How the Roll Function Works (In APL\360 and Its Descendants)

How the roll function works
The roll function in APL and its descendants is, at heart, a clever multiplicative generator: start with 16807, multiply repeatedly, and reduce modulo 2,147,483,647 (that’s 7FFFFFFF in hex). Do that and you get a permutation of every integer from 1 up to 2,147,483,646 — no repeats, cycles back to 1 when the multiplicative order completes. Neat, compact, and fast. Want reproducible pseudo‑randomness that also passes a surprising number of statistical tests? This trick delivers, because 16807 is a primitive root modulo that prime and so generates the full multiplicative group.
A brief history
Why those two magic numbers? Because 2,147,483,647 = 2^31 − 1 is a Mersenne prime (Euler proved it prime in 1772), which fits perfectly into 32‑bit signed arithmetic, and 16807 turns out to be a generator for the multiplicative group modulo that prime. It has been reported that D. H. Lehmer suggested this multiplicative technique in 1948; later accounts by Holz & Clark and Hutchinson adapted it for 36‑bit machines and influenced APL implementations. The JSoftware paper and a Hacker News discussion walk through this lineage — ancient prime lore meets practical machine choices. Euler being blind at 65 when he handled these primes? A nice historical aside. The math reads like a small miracle: hardware constraints and number theory aligning just so.
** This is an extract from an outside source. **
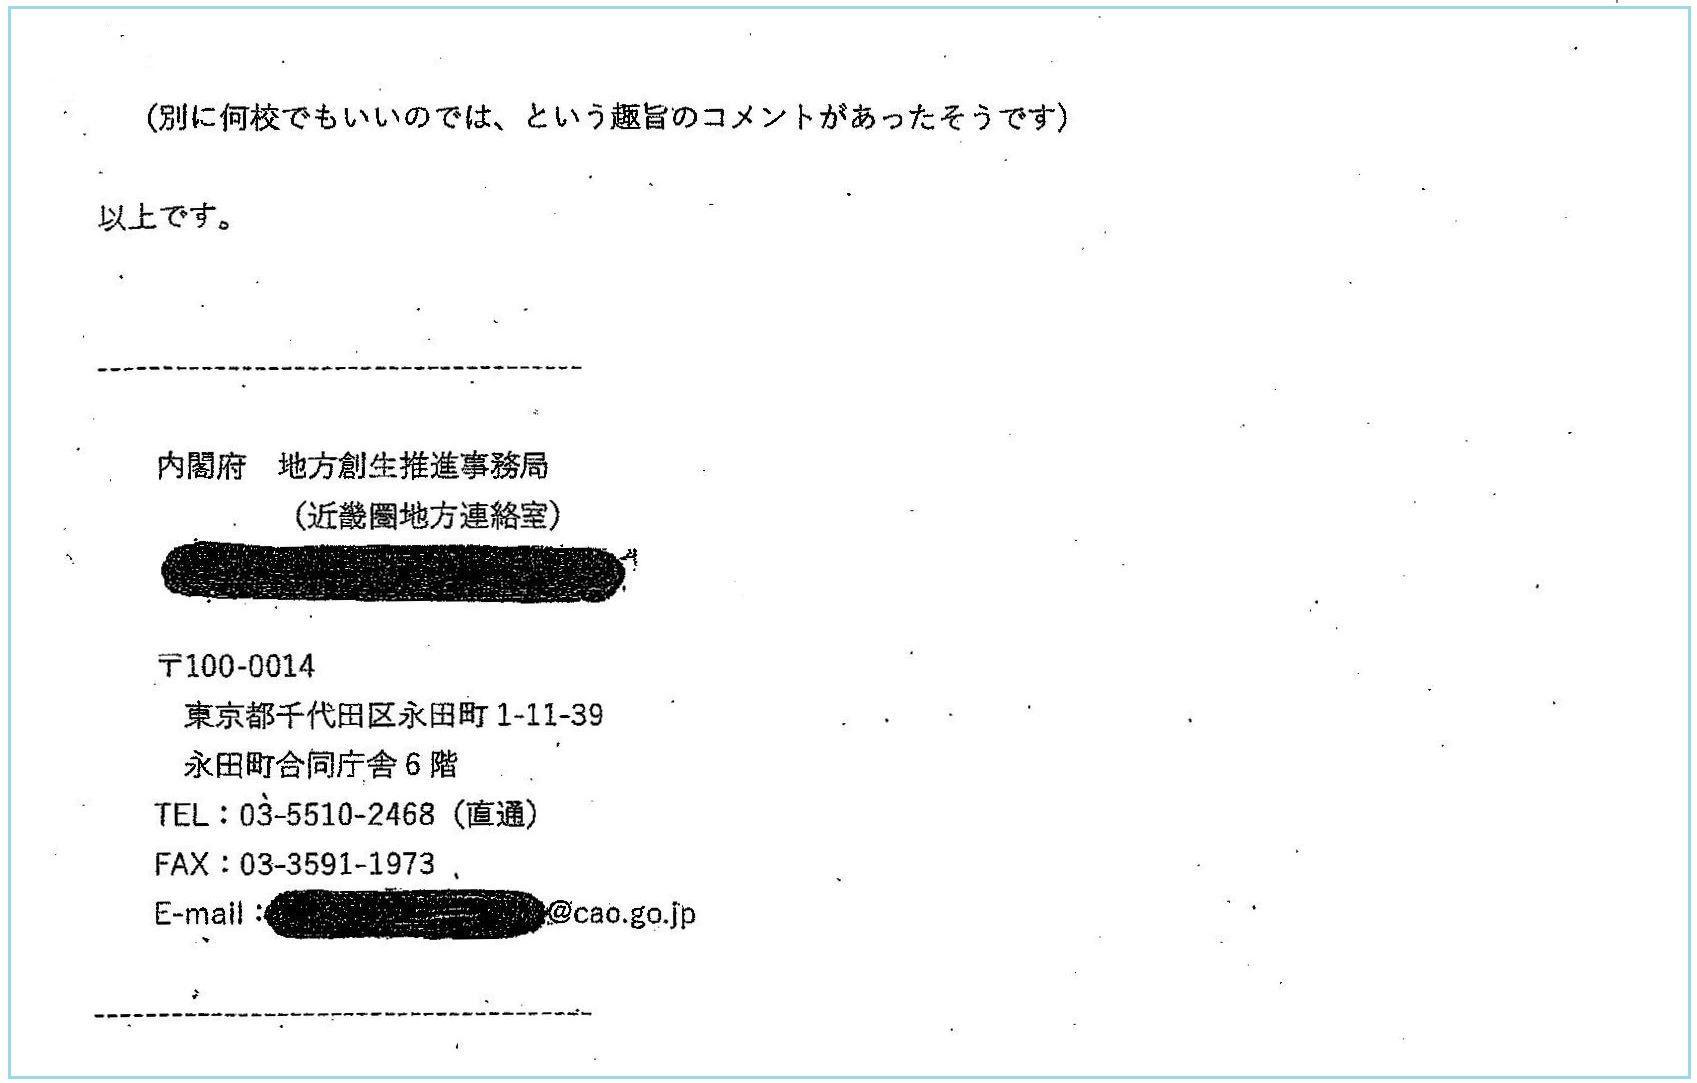 http://hunter-investigate.jp/news/cb7574c7e0386bf40a127a776d05673025787be4.jpg

The symbol and the original problem
Early APL’s question mark (?) wasn’t a single thing. Niladic ? returned an inscrutable 0 or 1; monadic ?(B) produced a Boolean vector of length B; dyadic ?A(B) gave a vector with A ones and B−A zeros. In other words, the random primitives began life firmly rooted in Boolean, machine‑description territory. By the 7090 time‑sharing version (late 1965) the definitions had morphed toward the modern forms used today. One concrete programming challenge from that era still reads like a classic exercise: “Write a function that prepares a table of all patterns of A ones and B−A zeros.” Simple to state, subtle to implement efficiently — and a reminder that what looks like an innocent symbol can hide a rich computational story.